EXTRACTED MATERIAL >>
============

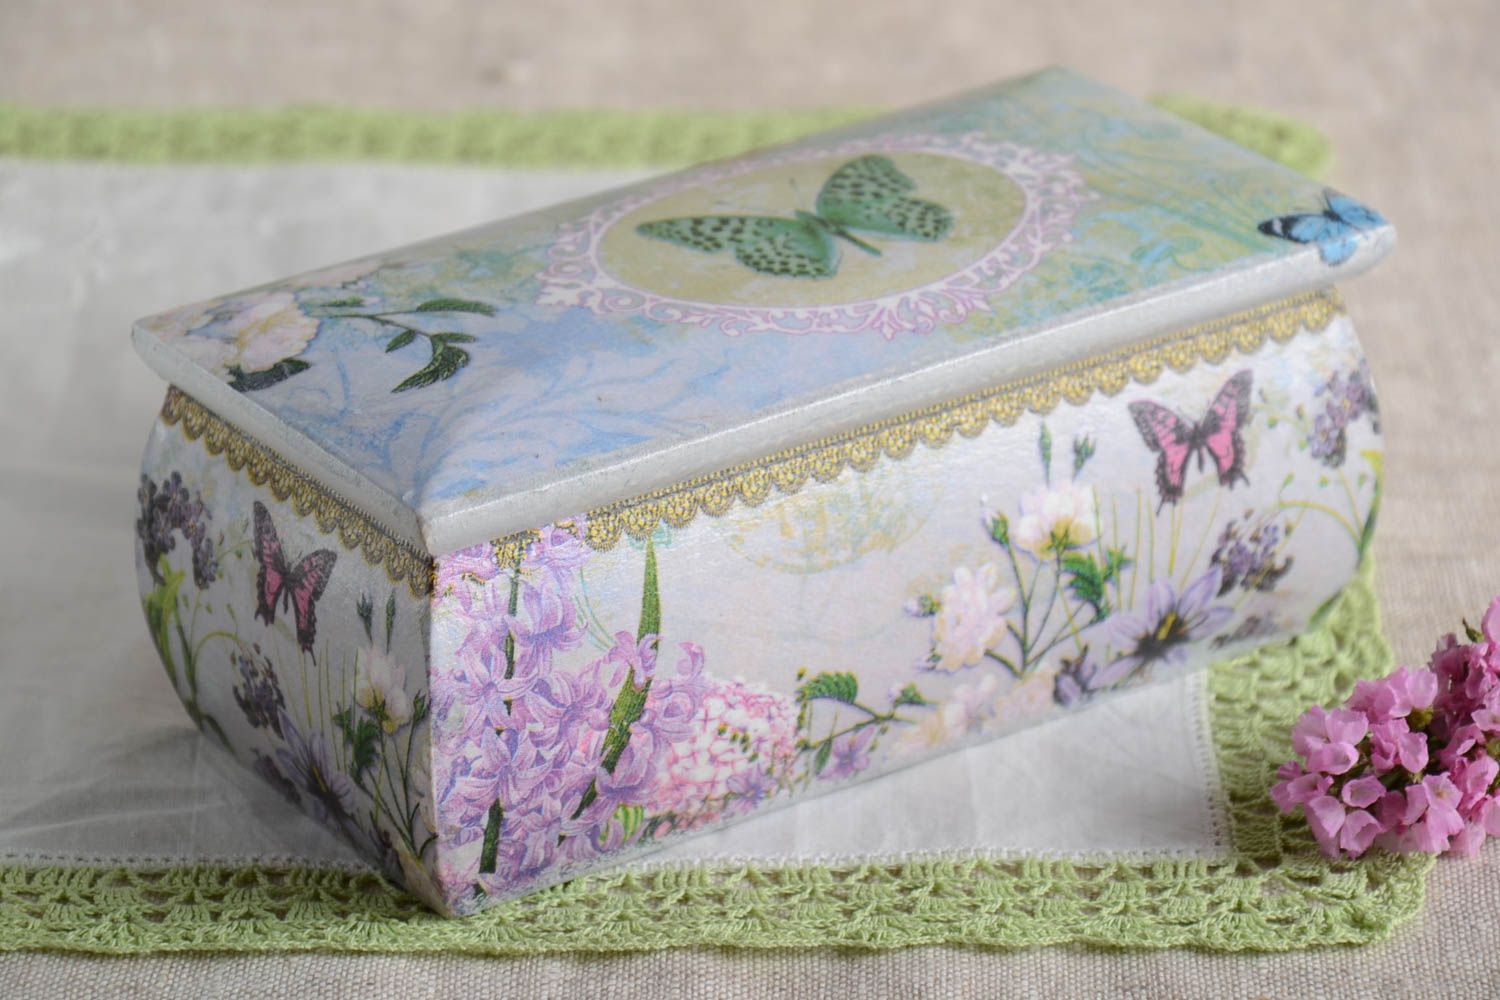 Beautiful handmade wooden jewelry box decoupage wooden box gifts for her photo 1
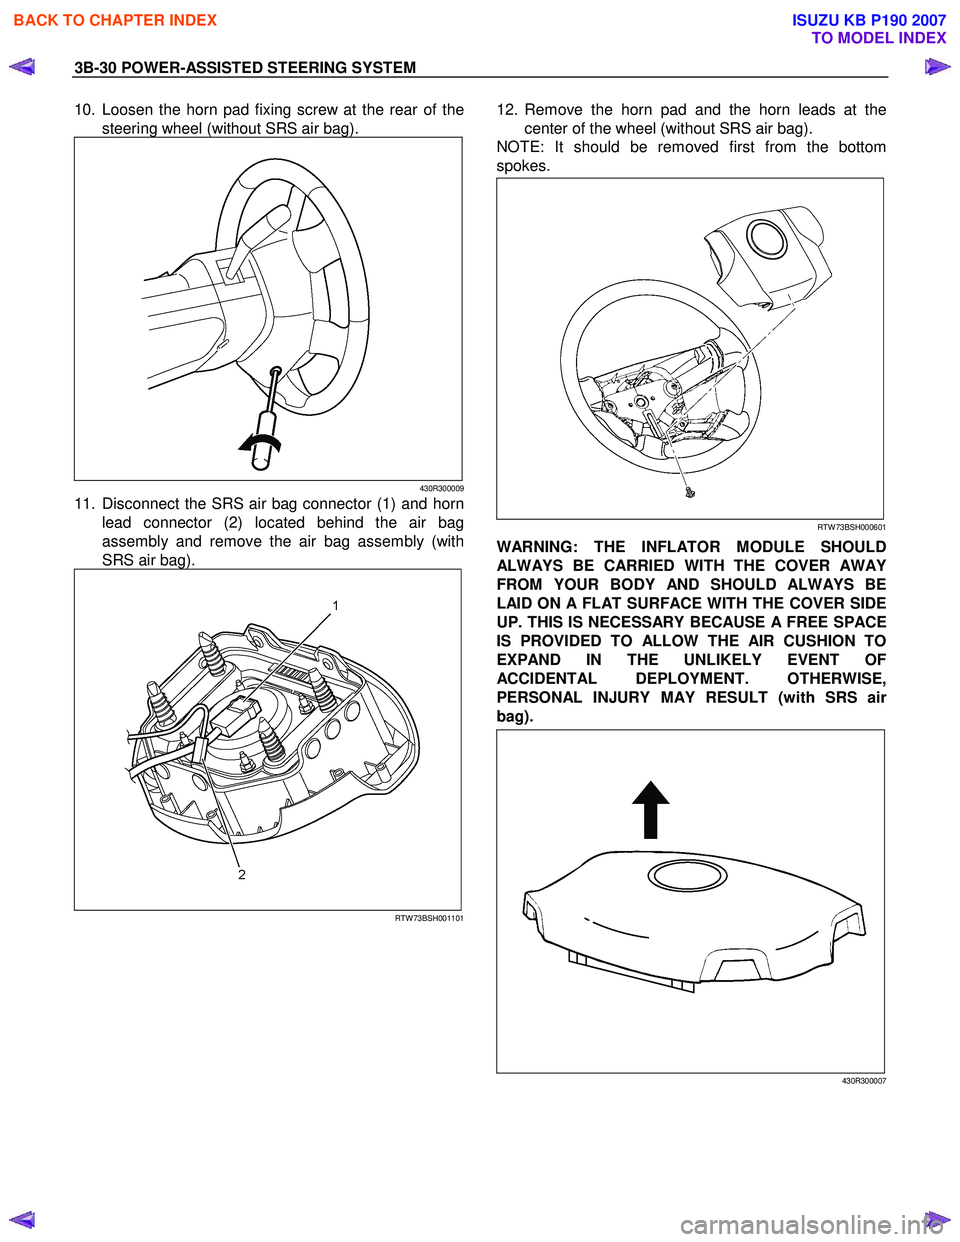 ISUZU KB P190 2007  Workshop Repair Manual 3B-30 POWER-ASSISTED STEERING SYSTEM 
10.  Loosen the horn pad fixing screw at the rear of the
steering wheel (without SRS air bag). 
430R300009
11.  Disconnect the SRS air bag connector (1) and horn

============

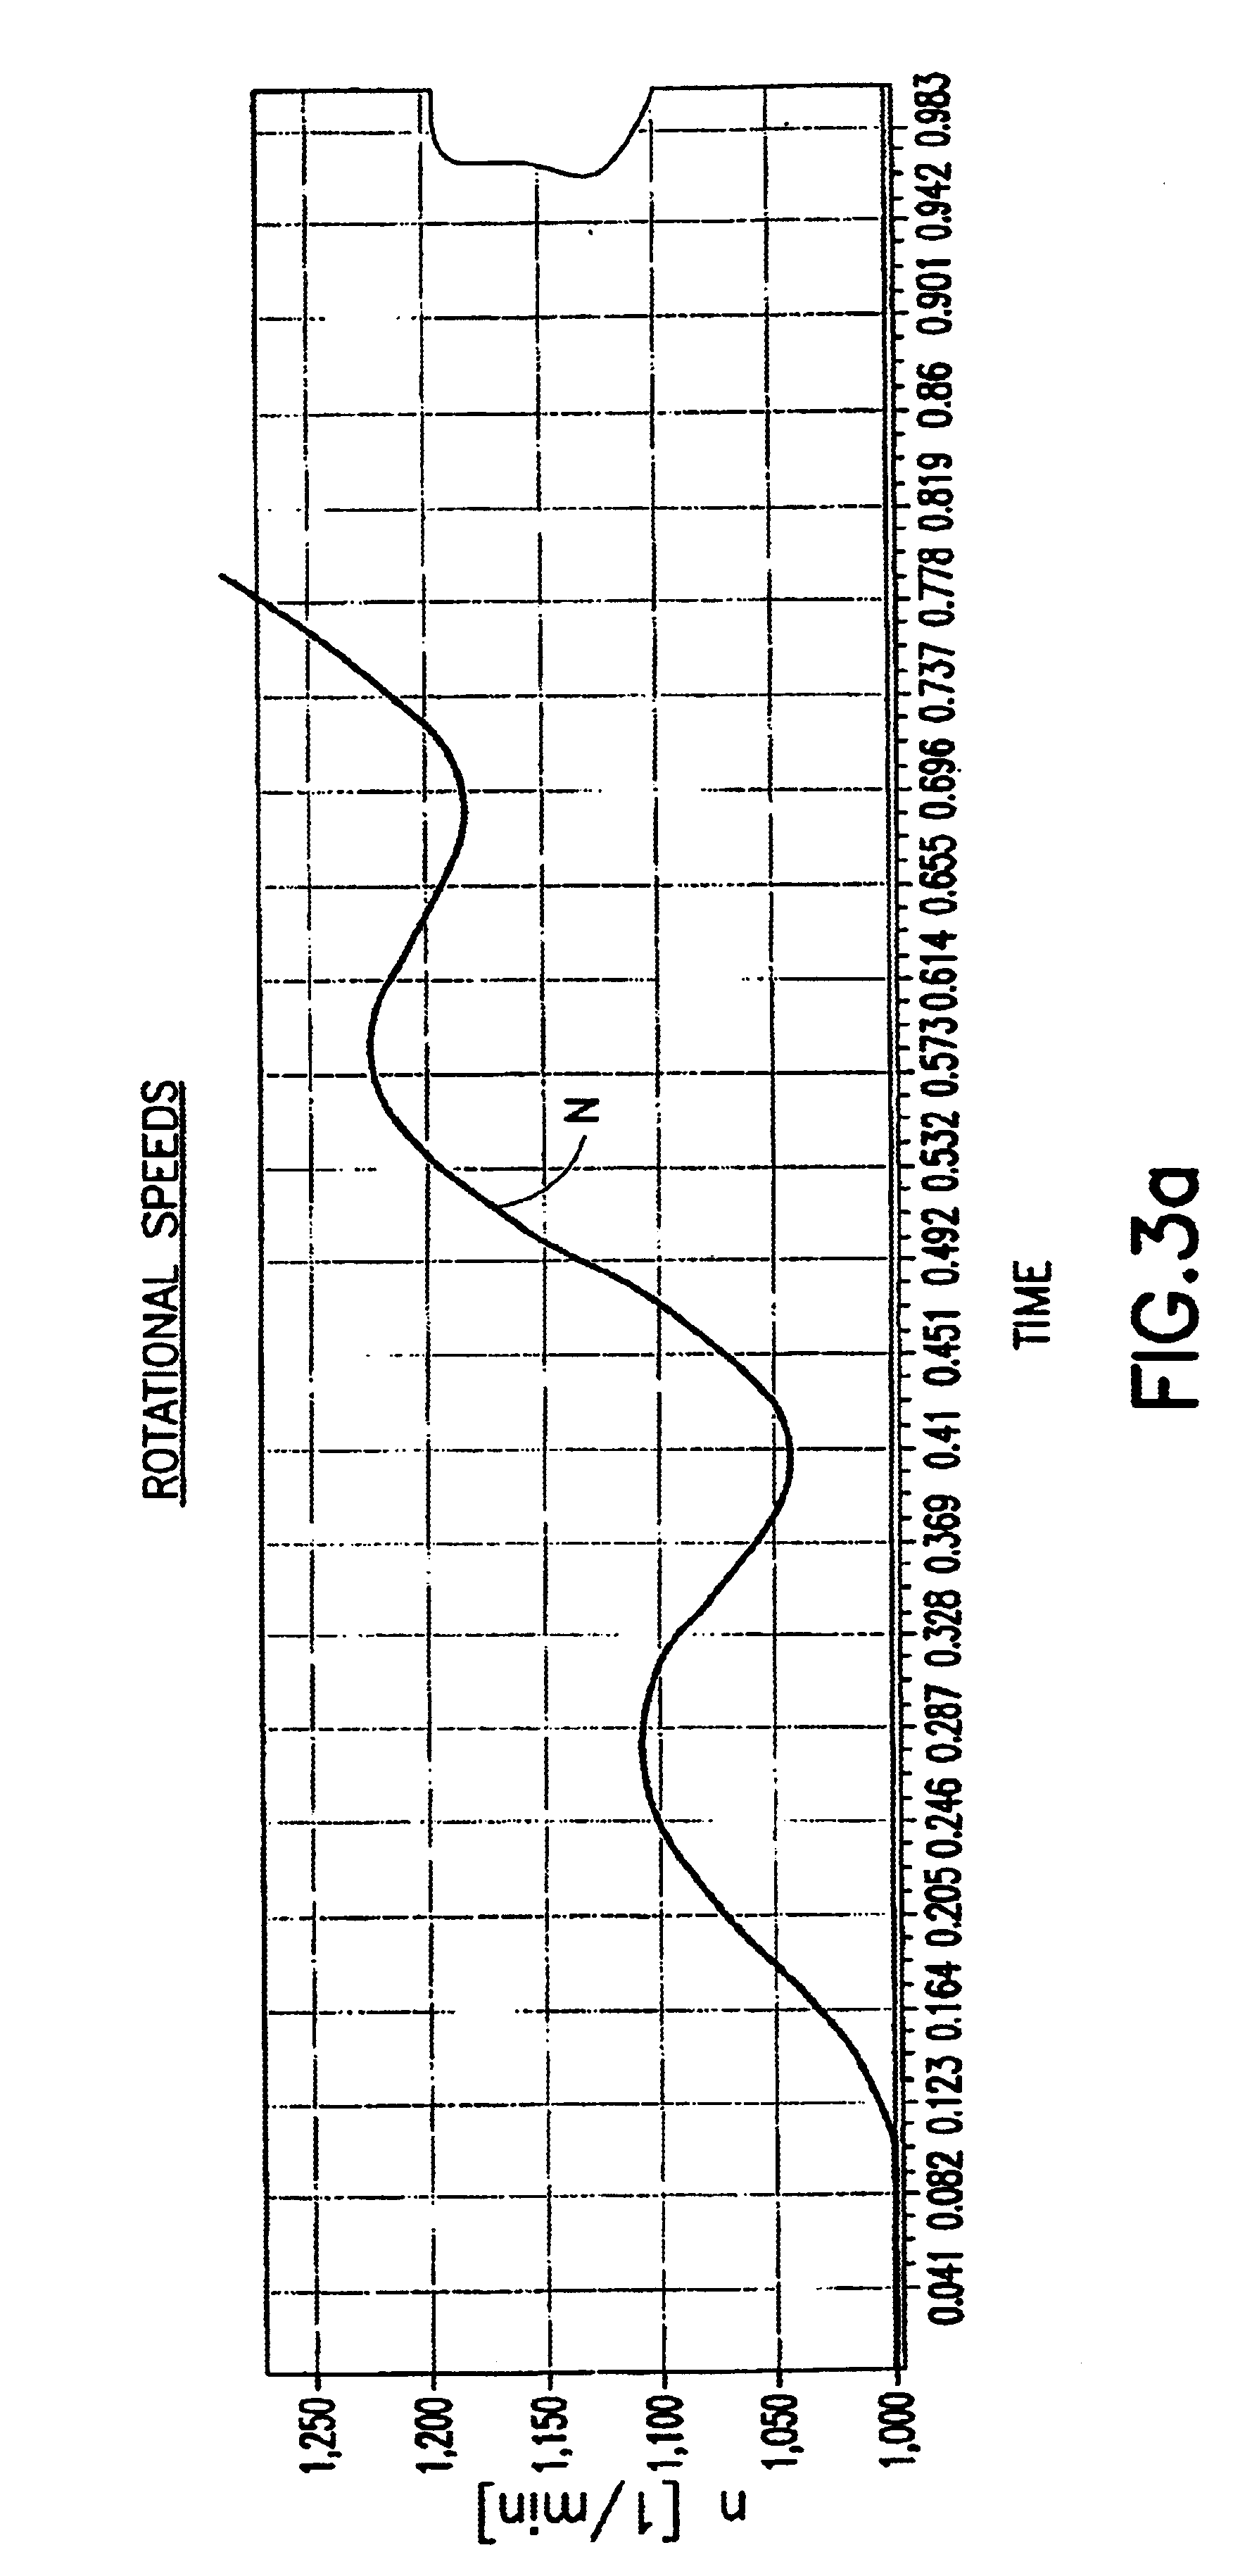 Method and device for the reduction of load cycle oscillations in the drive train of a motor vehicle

============

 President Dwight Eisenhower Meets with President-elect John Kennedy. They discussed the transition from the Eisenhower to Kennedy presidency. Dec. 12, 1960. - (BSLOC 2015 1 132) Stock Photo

============

Show every line from the entries that includes the word "horn".

10.  Loosen the horn pad fixing screw at the rear of the
11.  Disconnect the SRS air bag connector (1) and horn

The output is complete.